This month, RxTechExam proudly celebrates 15 years of supporting pharmacy technician education, workforce development, and certification readiness.
Over the years, we have worked with thousands of learners across the country. We have celebrated student successes, learned from challenges, listened to feedback, adapted to industry changes, and continued to grow alongside the pharmacy profession.
As we reflect on this milestone, we wanted to share some of the most important lessons we have learned during our journey.
1. Student success is not one size fits all.
Every learner comes with different backgrounds, responsibilities, learning styles, and challenges. Some students move quickly. Others need more time and support. True student success means meeting learners where they are and helping them move forward with confidence.
2. Accessibility matters.
Education should create opportunity, not barriers. Affordable, self paced, and flexible training allows more individuals to pursue careers in pharmacy and healthcare.
3. Confidence matters just as much as content.
Students often know more than they think they do. Encouragement, reassurance, and support play a critical role in helping learners succeed.
4. Certification changes lives.
National certification creates pathways to employment, advancement, confidence, and professional growth. For many learners, earning the CPhT credential becomes the beginning of a completely new chapter.
5. Feedback is one of the most valuable tools for growth.
Some of our greatest improvements have come directly from students. Listening to learner experiences helps us refine content, improve workflows, and strengthen the overall educational experience.
6. Workforce development requires partnerships.
The future of pharmacy depends on collaboration between educators, employers, healthcare systems, associations, and credentialing organizations. Strong partnerships create stronger outcomes for students and the profession.
7. Pharmacy technicians deserve advocacy.
Pharmacy technicians are essential to patient safety, workflow efficiency, and expanding access to care. The profession deserves continued recognition, investment, and support.
8. Slow learning often creates stronger outcomes.
One of the biggest lessons we have learned is that rushing through education rarely leads to long term success. Real understanding takes repetition, reflection, and practical application.
9. Technology should support human connection, not replace it.
Automation and digital education have transformed learning opportunities, but students still need mentorship, encouragement, and human support. Technology works best when it strengthens relationships rather than replacing them.
10. Students need structure and accountability.

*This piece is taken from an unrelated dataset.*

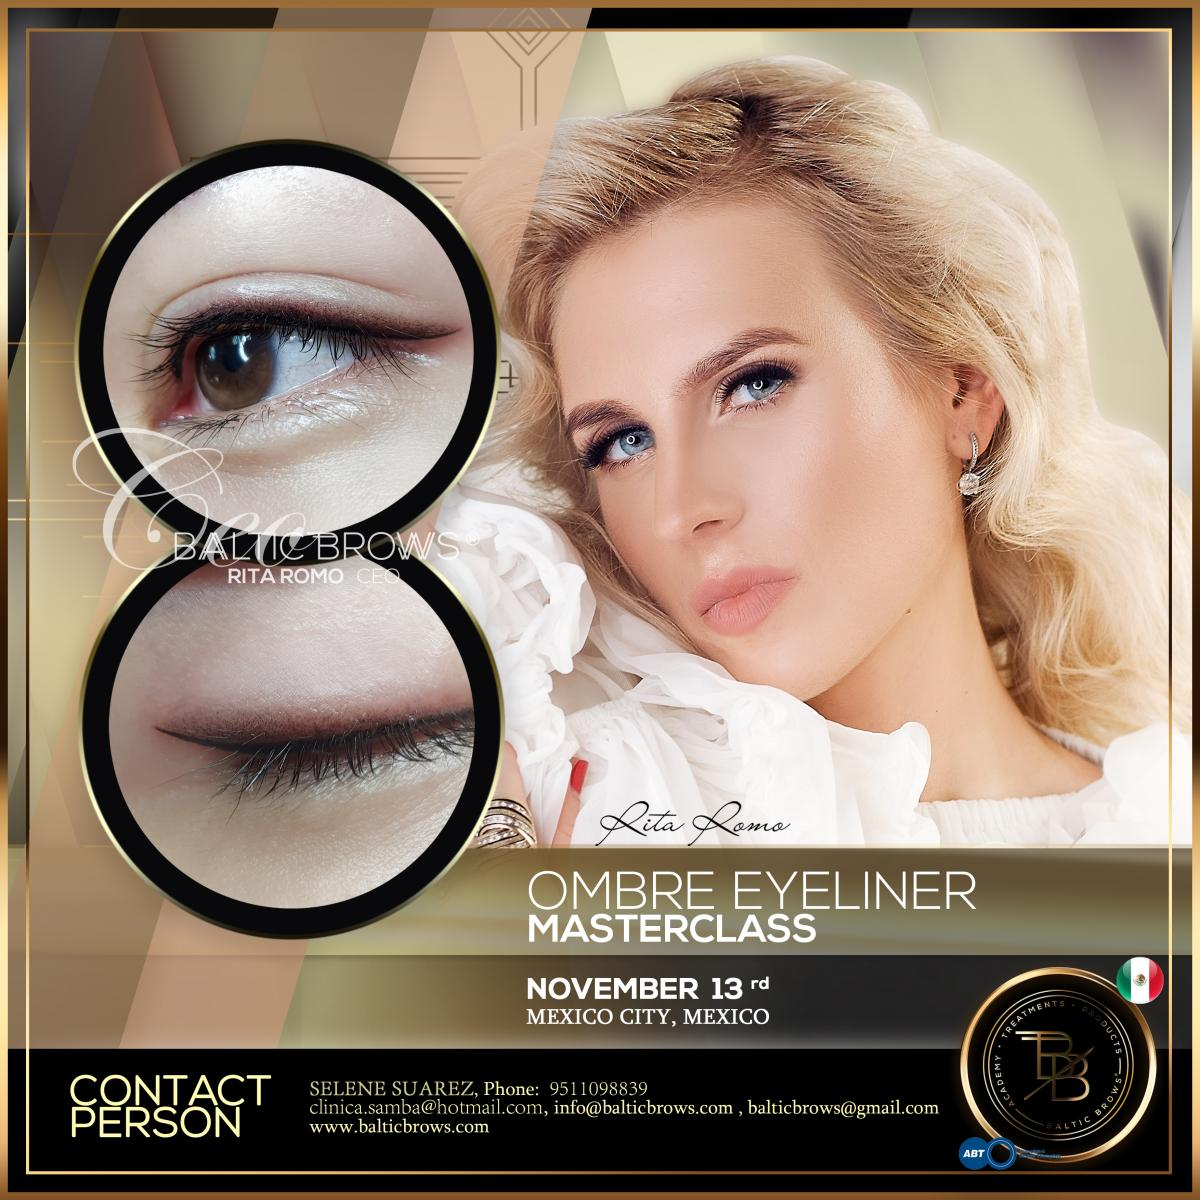 Ombre eyeliner masterclass

Flexibility is important, but learners also benefit from clear expectations, pacing guidance, and encouragement to stay engaged.
11. The pharmacy profession continues to evolve rapidly.
From automation and AI to expanding technician responsibilities and changing regulations, pharmacy education must continuously adapt to support the needs of the profession.
12. Career pathways start earlier than people realize.
We have seen incredible momentum through high schools, CTE programs, workforce initiatives, and healthcare partnerships introducing students to pharmacy careers earlier than ever before.
13. Advocacy shapes the future of the profession.
Legislation, state regulations, credentialing standards, and professional organizations all play a role in creating opportunities for pharmacy technicians and strengthening workforce pipelines.
14. Success is about more than passing an exam.
Passing the PTCE is important, but true success includes building confidence, professionalism, critical thinking skills, and long term career opportunities.
15. When you invest in people, you strengthen the profession.
This may be the greatest lesson of all. Every student supported, every partnership developed, every learner encouraged, and every pharmacy professional empowered contributes to a stronger future for healthcare.
As we celebrate 15 years of RxTechExam, we remain deeply grateful to our students, alumni, educators, partners, pharmacy professionals, and supporters across the country.
Thank you for being part of this journey.
The pharmacy profession continues to evolve, and we are honored to continue growing alongside it.